Common Error Responses

400 Bad Request: invalid input, missing fields, or malformed JSON
401 Unauthorized: missing or invalid auth token or API key
403 Forbidden: authenticated but insufficient permissions
404 Not Found: resource ID does not exist
409 Conflict: duplicate write or version conflict; retry with idempotency key
422 Unprocessable Entity: valid syntax but invalid business logic
429 Too Many Requests: rate limit exceeded; honor Retry-After header
500 Internal Error: unexpected server fault; retry with idempotency key
503 Service Unavailable: dependency down or overloaded; use exponential backoff

Cassandra: Long-Term Comments Database

SQL

-- Persisted comments database
CREATE TABLE comments (
    stream_id   UUID,
    comment_id  BIGINT,    -- Snowflake ID (guarantees strict time ordering)
    user_id     UUID,
    text        TEXT,
    is_pinned   BOOLEAN,
    is_deleted  BOOLEAN,
    created_at  TIMESTAMP,
    PRIMARY KEY (stream_id, comment_id)
) WITH CLUSTERING ORDER BY (comment_id DESC)
  AND default_time_to_live = 7776000;  -- Auto-expire in 90 days

Redis Cache & Pub/Sub Structure

# Pub/Sub channel for live broadcasts
Channel: stream:{stream_id}:comments

# Banned users list per stream (for O(1) checks)
Key:    banned:{stream_id}
Type:   SET
Members: [ "user-921", "user-331" ]

# Recent comments list (buffer for late joiners)
Key:    recent_comments:{stream_id}
Type:   LIST (Capped at 100 items via LPUSH + LTRIM)

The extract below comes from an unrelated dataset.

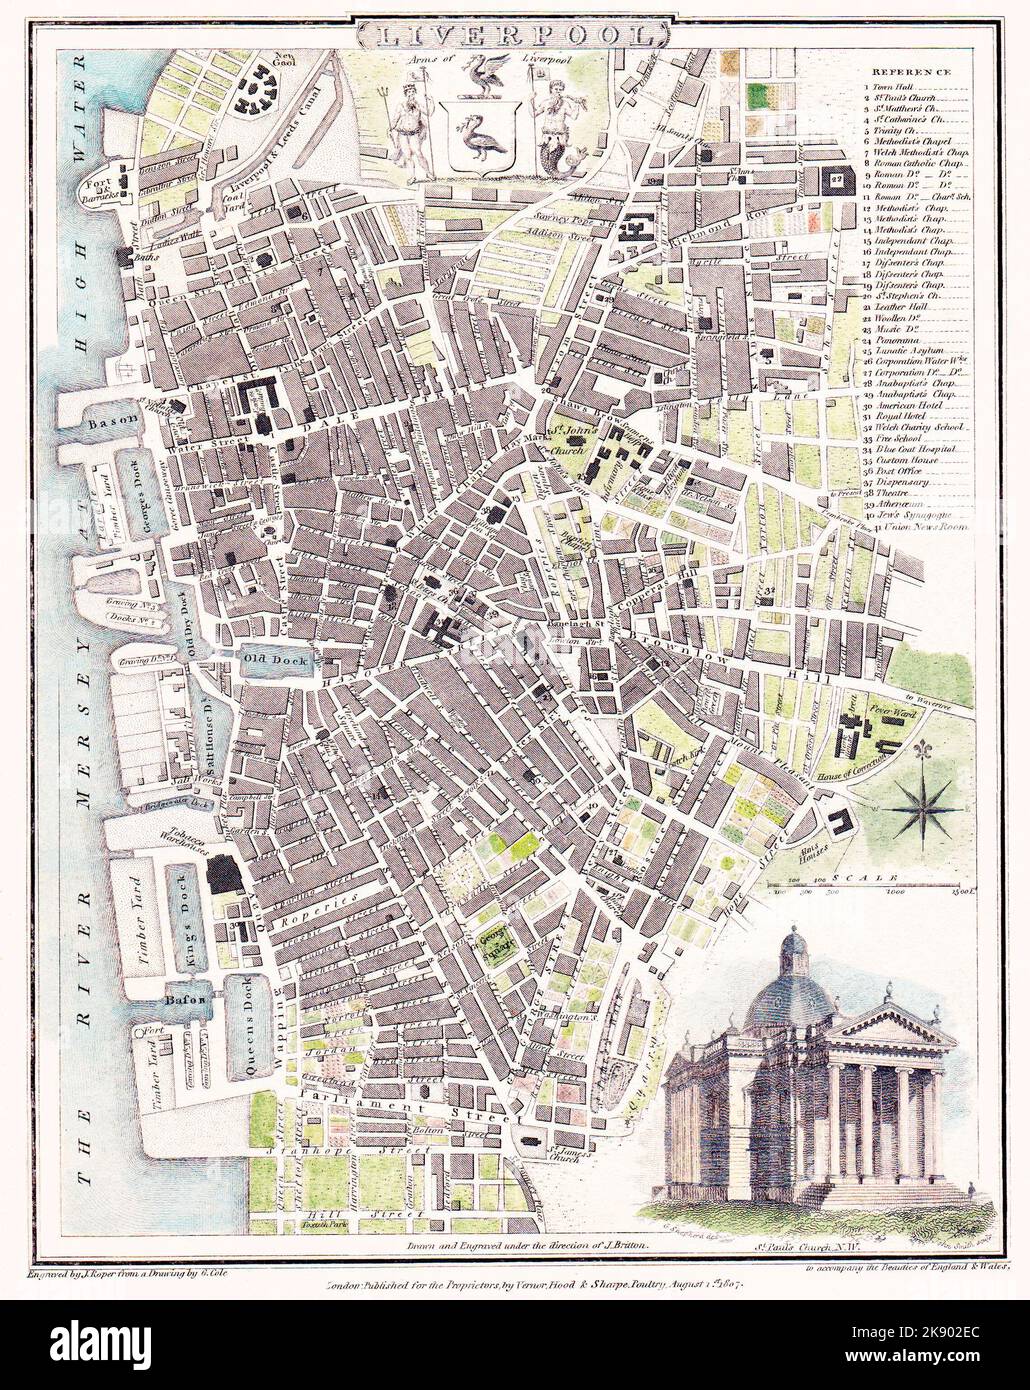 La carte de Liverpool de Roper & Cole en 1807, alors qu'elle était sur le point de se transformer d'une ville à l'autre, avec les premières banlieues établies et seulement dix quais. La décoration principale sur la carte est une gravure de l'église Saint-Paul, qui se trouvait juste à l'ouest du chemin de fer à l'entrée de la gare de change. Le top centre est un blason de Liverpool. Il y a deux oiseaux de foie flanqués de Neptune et de Triton qui détiennent respectivement les drapeaux d'un autre oiseau de foie et d'un navire. Il convient également de mentionner un fort et une caserne sur le Mersey, reflétant la menace d'une invasion française. Banque D'Images

Concern Scenario	System Solution Design
WebSocket Gateway Crash	Clients reconnect automatically, requesting backfilled messages starting from their last successfully rendered Snowflake ID.
Moderation Pool Latency	Fall back gracefully to pre-filters, publishing comments instantly with warning flags for subsequent async review.
Redis Pub/Sub Connection Drop	Pub/Sub is ephemeral. Surviving nodes serve recent history buffers; missing comments are fetched from Cassandra if needed.

1. The Late Joiner Catch-Up Problem ⭐

When users join a stream that has been active for an hour, their screen should not appear empty. We solve this bootstrap challenge:

When a user joins a stream 30 minutes in, they see a completely blank comment timeline.

Solution: Redis Recent Buffer Cache
- Maintain a Redis LIST capped at 100 items (recent_comments:{stream_id}).
- When WebSocket opens:
  1. Fetch last 100 comments from Redis LIST → send immediately.
  2. Subscribe to Redis Pub/Sub for live comment updates.
  3. Client merges: Client-side deduping by comment_id handles any comments delivered in both paths during the subscription handoff.

2. Moderation Pipeline Latency & Shadow-Banning ⭐

Blocking offensive text cannot add significant latency to active, clean conversations. We leverage asynchronous pipelines:

Approach 1: Synchronous Moderation (Block until reviewed)
- Comment → Moderation Service check → Publish if clean.
- ✓ No inappropriate content is ever broadcast.
- ✗ Adds 50–100ms lag. If moderation pools experience a spike, all comments freeze.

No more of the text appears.